Setting aside the expense, relying upon prisons for general deterrence has one big problem. While prisons undoubtedly deter a great number of people from committing crimes, there are also a great number of people for whom the threat of prison is no deterrent because they lack the intellectual or emotional ability to learn to respond to rules in a way to avoid punishment, or because their lives are so damaged that prison is not a punishment. One such group is abused and neglected children who have matured without intervention into adults. Recall Dr. Perry's work. For these adults, general deterrence has no meaning. Just as cutting out the lung cancer in Jim does not deter cancer cells from metastasizing in Joe, locking Jim up does not deter the Joe whose mind is disturbed or disabled from abuse or neglect or whose life is so damaged the structure and safety of prison looks good.

After you build your first prison, the general deterrence value of each new cell is increasingly marginal. Texas has one of the largest prisons in the world. Texas has one of the highest incarceration rates in the world. At this point, we can build prisons faster and faster until the end of Creation, and we will have no more to show for it than small, temporary decreases in the crime rate, which come primarily from preventing known criminals from re-offending. The ever-growing population will soon overtake our gains, unless we have spent the money to ensure that it is a health population.

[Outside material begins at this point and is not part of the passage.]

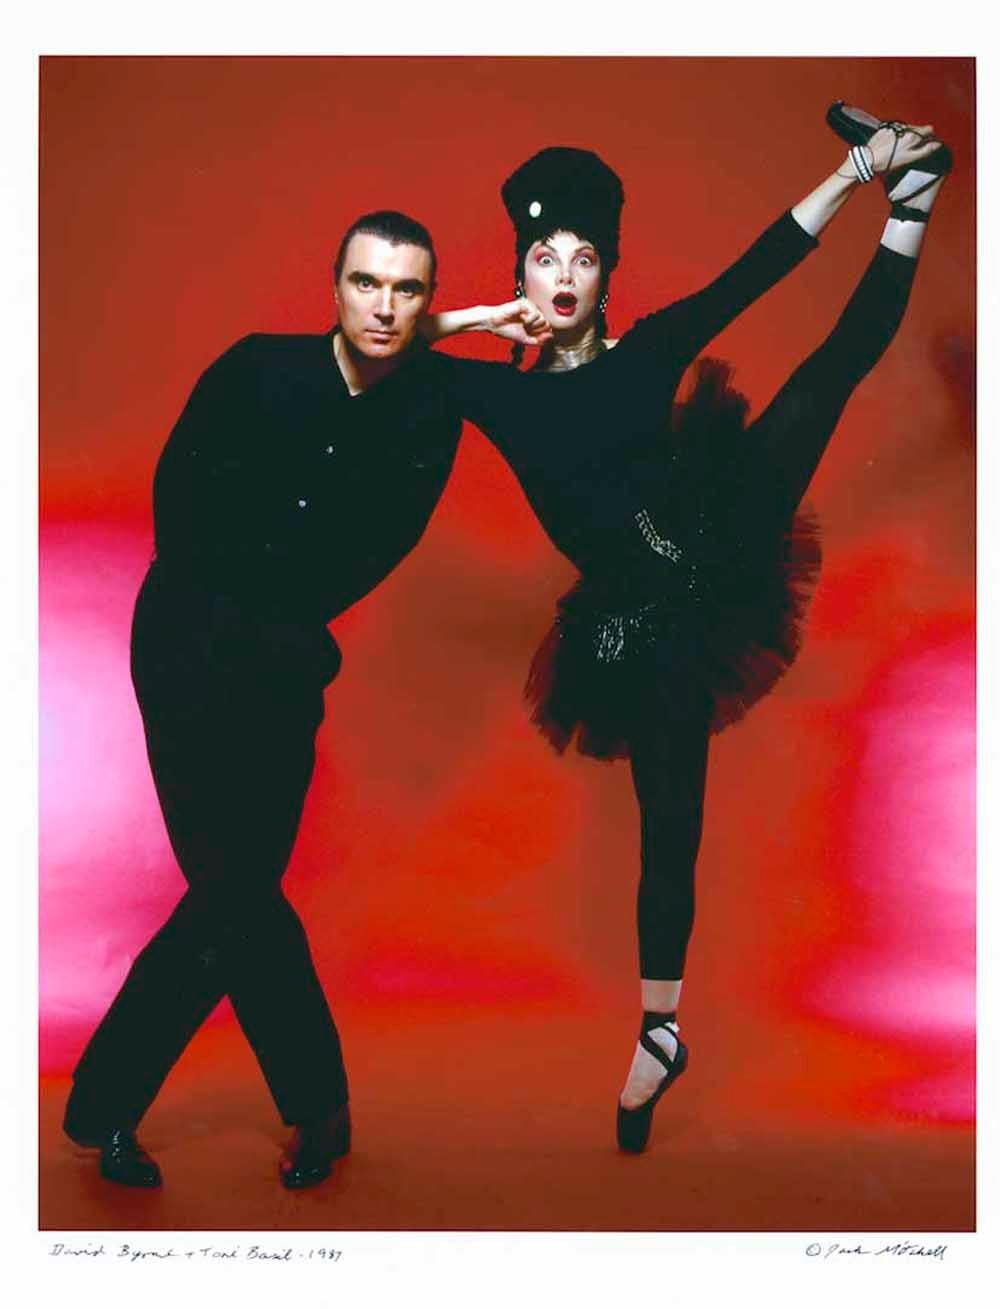 Singer/songwriter David Byrne & dancer/choreographer Toni Basil, signed by Jack

In short, prevention is essential. Fighting crime by increasing spending on probation, prisons, and parole, while making minimal efforts to address the problems of 900,000 children at risk for abuse and neglect, is the equivalent of fighting lung cancer by increasing spending for surgery, radiation, and chemotherapy, while making minimal efforts to address the problem of 900,000 children who are smoking cigarettes. Crime wins; cancer wins. Texas loses.